On December 7-8, 2005, we had a large snow storm. Hubs took me out to lunch on December 8, where I chowed down on the best grilled cheese and fries I'd ever had. That meal has since been affectionately referred to as "The Labor Lunch," because strong contractions set in that evening. I was in active labor although I didn't know it. The following morning, December 9, I went in for a regularly scheduled non-stress test. I was 34 weeks pregnant. The nurses thought I looked a little funny in the waiting area, so they whisked me straight to the back. They checked me. I was 4 cm dilated and fully effaced. My doctor came in and checked and said, "Baby A's head is right there!" I couldn't believe it! They scheduled my C-section for 1:00 p.m., which gave Hubs enough time to go home, get my overnight bag and shave the beard he'd been growing for the last two months.

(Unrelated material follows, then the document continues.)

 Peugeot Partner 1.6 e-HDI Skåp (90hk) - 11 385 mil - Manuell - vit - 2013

At 1:46 p.m., Abigail Jane was born:




And at 1:47, her twin sister, Isabel Grace was born:







Mommy & Abby the next day



Abby is on the left, Izzy is on the right. They had feeding tubes b/c they weren't very interested in eating (common for preemies)

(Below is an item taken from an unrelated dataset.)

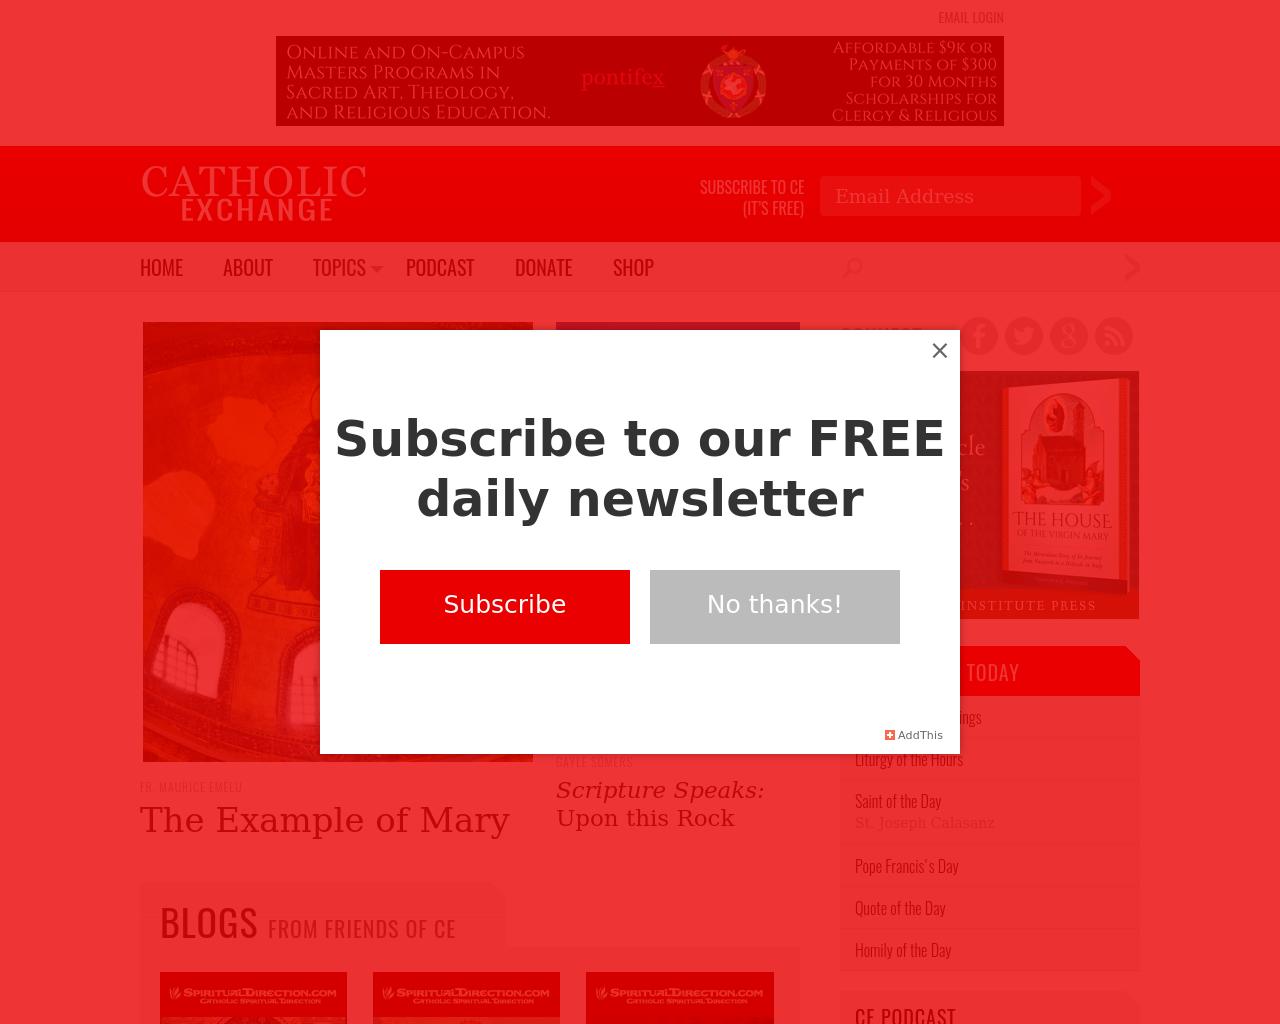 Catholic-Exchange-Advertising-Reviews-Pricing

The girls in Daddy's arms. Izzy is on the left, Abby is on the right.


Shortly after their birth, my aunt gave me a Celine Dion cd. Now, I know what you're thinking (because I was, too). But I heard this one song and that was it for me. I played it over and over and over again. And cried every time. I listened to it on all the drives back and forth to the NICU over the next 3 weeks. And even after that. It is exactly how I feel.

"Miracle" by Celine Dion

You're my life's one miracle

Everything I've done that's good
And you break my heart with tenderness
And I confess it's true
I never knew a love like this 'til you

 
You're the reason I was born
Now I finally know for sure
And I'm overwhelmed with happiness
So blessed to hold you close
The one that I love most
Though the future has so much for you in store
Who could ever love you more

The nearest thing to heaven
You're my angel from above
Only God creates such perfect love

 
When you smile at me I cry
And to save your life I'd die
With a romance that is pure in heart
You are my dearest part
Whatever it requires
I live for your desires
Forget my own, your needs will come before
Who could ever love you more

There is nothing you could ever do
To make me stop loving you
And every breath I take
Is always for your sake
You sleep inside my dreams
And know for sure
Who could ever love you more

I am so lucky to be their mama. I hope I'm not scarring them for life. There are long days when I wish for peace and quiet. And then I have a flash of anger at myself because of how quickly I've forgotten how desperately I wanted them. How quiet it would be at home without them. And how empty my heart would be.
 
I am so, so lucky.
 
Thank you for taking this walk down memory lane with me.
 
The girls today (recently):

Izzy is on the left and Abby is on the right.